Whenever Juan Diego had asked el jefe why he’d put himself in the probably-not category, the dump boss always smiled and said he was “probably not smart enough” to be the dump reader’s dad.

Juan Diego, who’d been watching Rivera lift the propane tank (a full tank was very heavy), suddenly said: “One day, jefe, I’ll be strong enough to lift the propane tank — even a full one.” (This was about as close as the dump reader could come to telling Rivera that he wished and hoped the dump boss was his father.)

“We should go,” was all Rivera said, climbing into the cab of his truck.

“You still haven’t fixed your side-view mirror,” Juan Diego told el jefe.

Lupe was babbling about something as she ran to the truck, the shack’s screen door slapping shut behind her. The pistol-shot sound of that closing screen door had no effect on the vultures hunched over the dead dog in the road; there were four vultures at work now, and not one of them flinched.

Rivera had learned not to tease Lupe by making vulgar jokes about the water pistols. One time, Rivera had said: “You kids are so crazy about those squirt guns — people will think you’re practicing artificial insemination.”

The phrase had long been used in medical circles, but the dump kids had first heard of it from a science fiction novel saved from burning. Lupe had been disgusted. When she heard el jefe mention artificial insemination, Lupe had erupted in a fury of preteen indignation; she was eleven or twelve at the time.

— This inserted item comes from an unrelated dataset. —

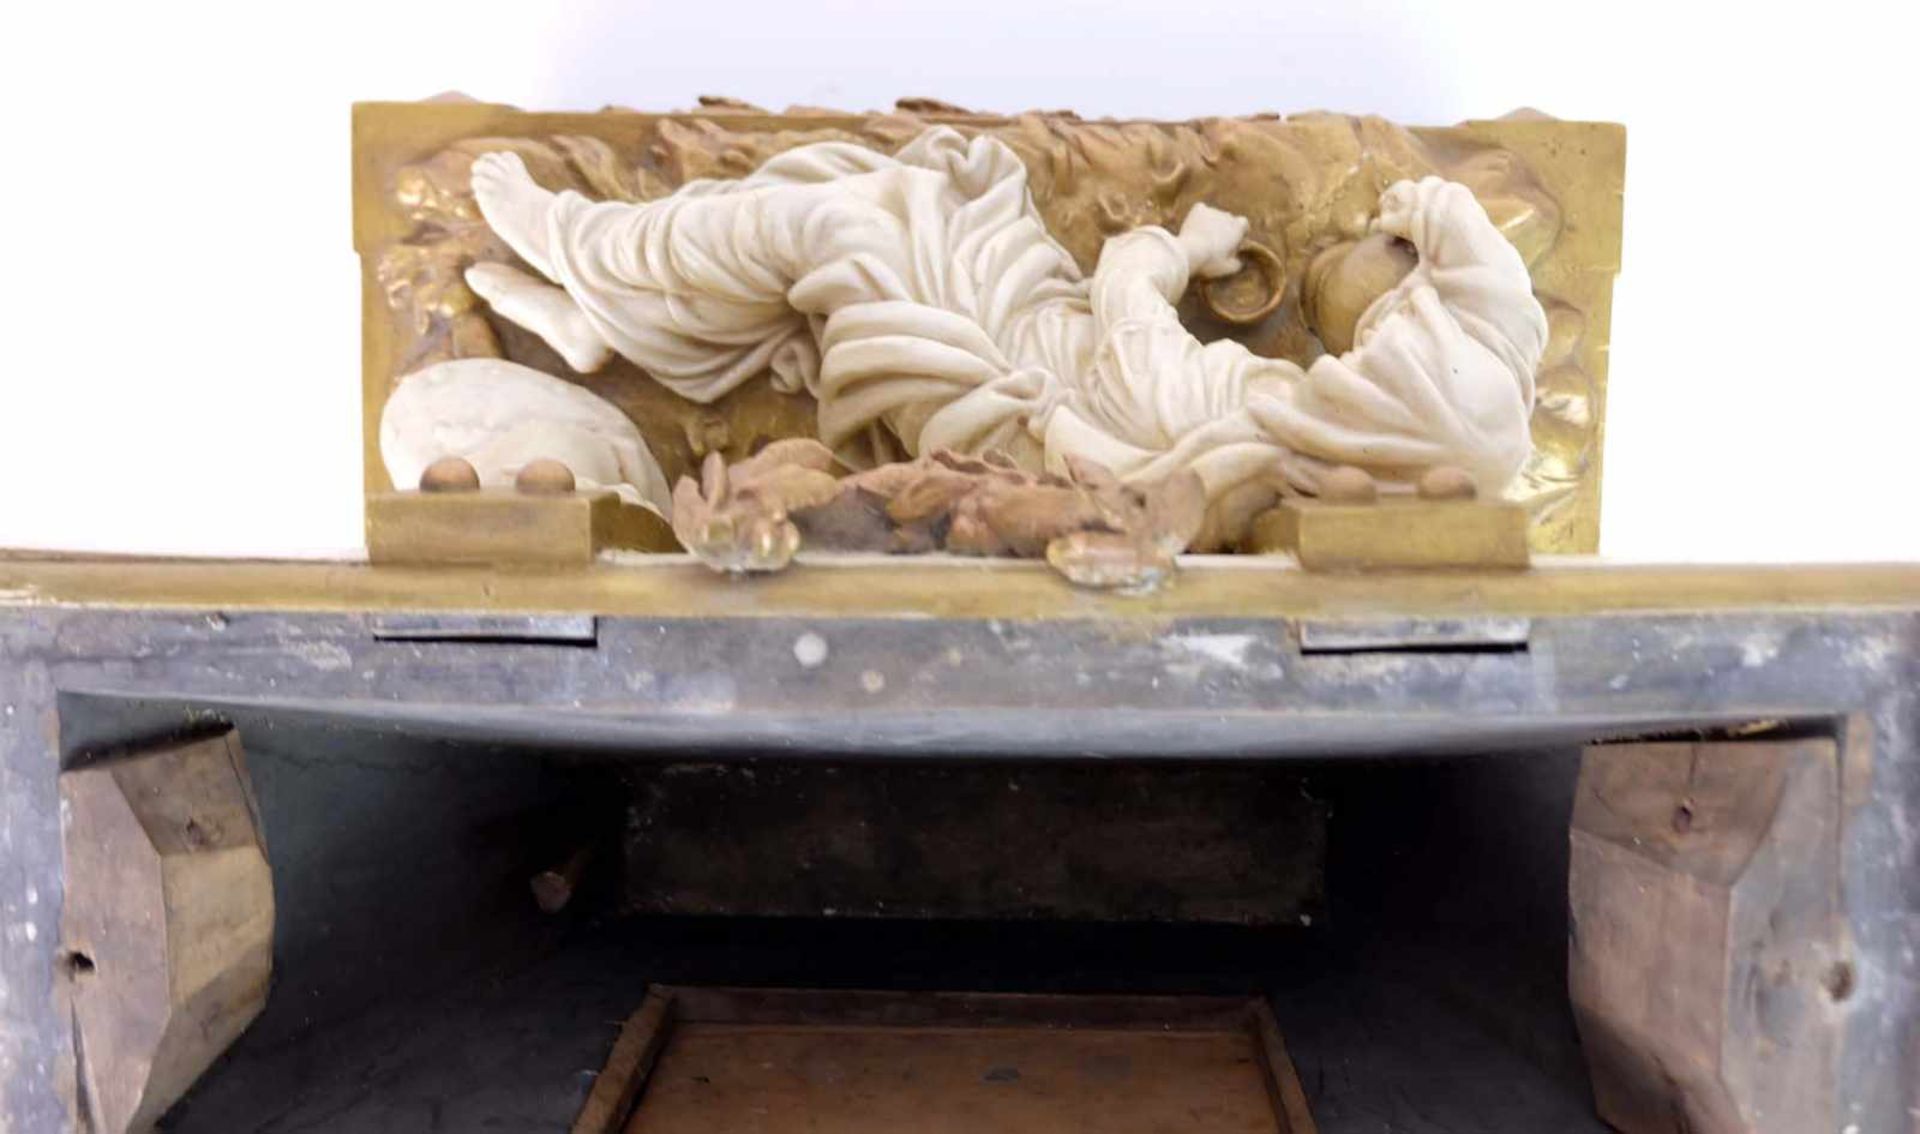 FIGURENUHR, Klassizismus, Napoleon I-Epoche, Holz/ Stuck, 3tlg Skulpturenaufbau, rechteckige Plinthe - Bild 4 aus 9

“Lupe says she knows what artificial insemination is — she thinks it’s gross,” Juan Diego had translated for his sister.

“Lupe doesn’t know what artificial insemination is,” the dump boss had insisted, but he looked anxiously at the indignant girl. Who knew what the dump reader might have read to her? el jefe thought. Even as a little girl, Lupe had been strongly opposed but attentive to everything indecent or obscene.